Anyway, I just finished Moriko and was feeling that emptiness again. What now? Will I ever find something to get interested in, to feel in my bones and fingers when I write it? Then the UCMagazine wrote and asked about preparing my stories for publishing. That gave me something to do for a day or two. Now I'm in that space again, doubting my abilities and staring at the blank page.
Perhaps, I make too much of my abilities. Who needs to hear my little tales and ravings? I only know that writing and finding the words in which to put my feelings and memories is already a reason enough for me to live. I feel the life to the fullest when I can't sleep, eat or watch TV because the words keep whirling and arranging themselves in my brain.

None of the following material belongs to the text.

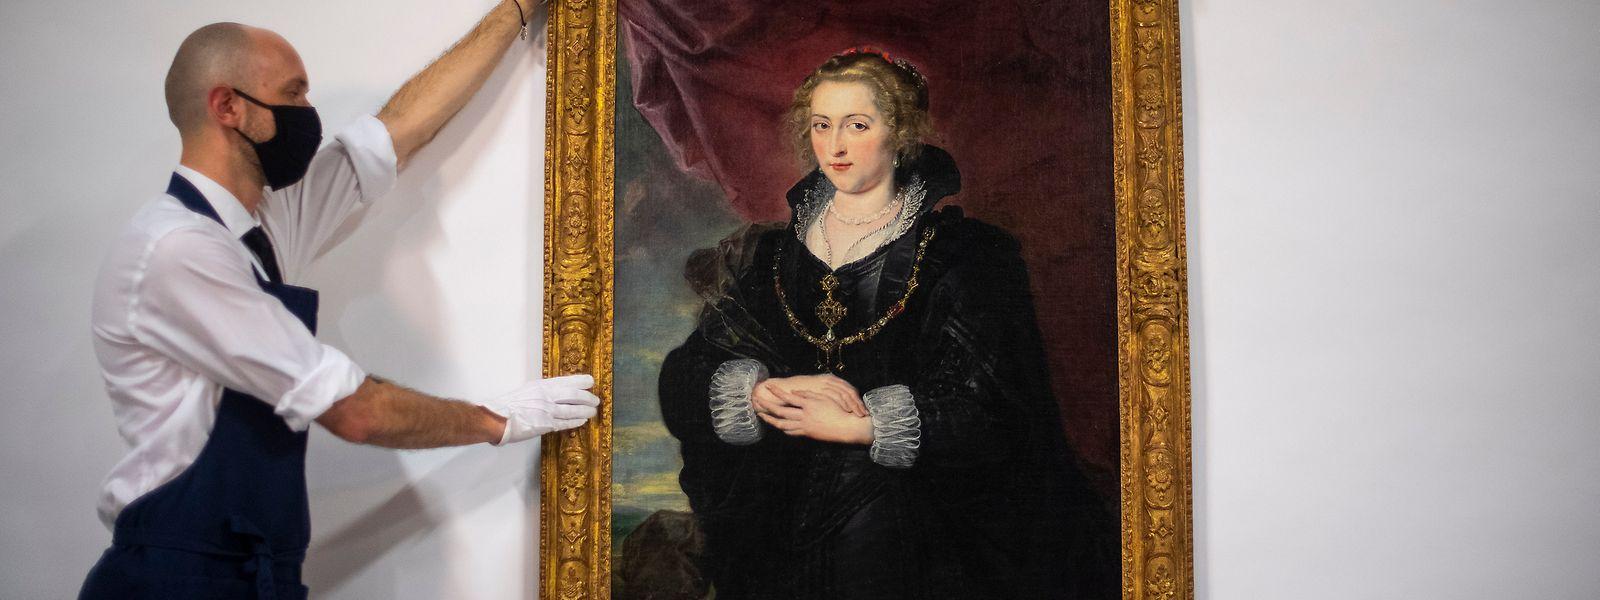 Der Wert des Gemäldes wird auf 2 bis 3 Millionen britische Pfund (ca. 3.320.000 Euro) geschätzt.
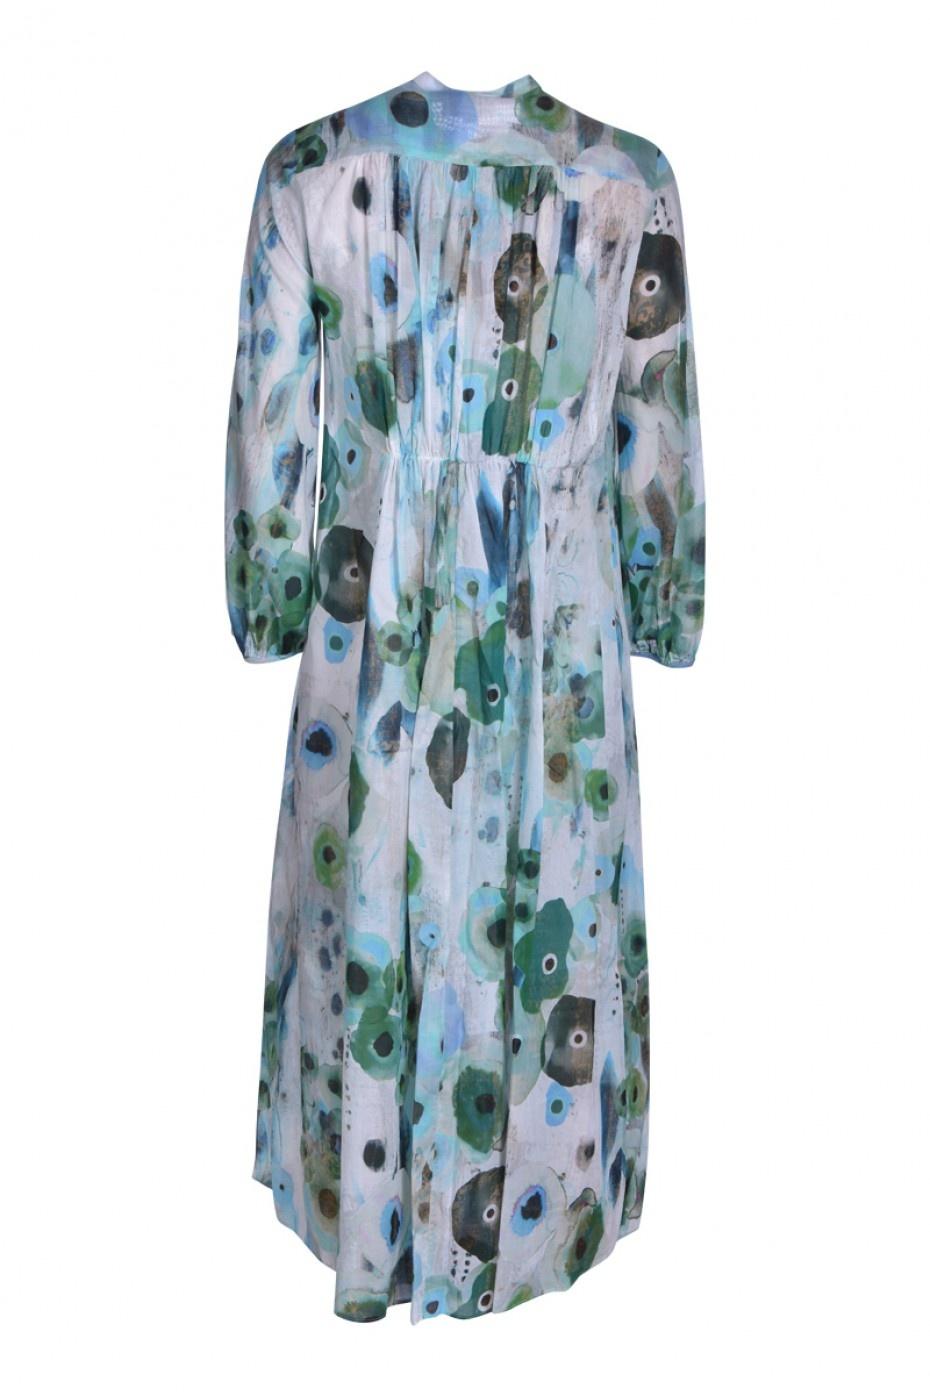 Laurel dress antonelli-2

Pushkin, the Russian poet, wrote this:
I loved you: and, it may be, from my soul The former love has never gone away, But let it not recall to you my dole; I wish not sadden you in any way. I loved you silently, without hope, fully, In diffidence, in jealousy, in pain; I loved you so tenderly and truly, As let you else be loved by any man. © Copyright, 1996 Translated by Yevgeny Bonver, August 1995, Edited by Dmitry Karshtedt, July 1996.
I love Pushkin's works because he, somehow, wrapped great sincerity and passion into the form that would best convey his thoughts and feelings.
I wonder if each of us has an ability to put our passion into the form that is the closest to our heart. For some it may be a poem, for some - a meal, and for others - a golf stroke. What is it for you then?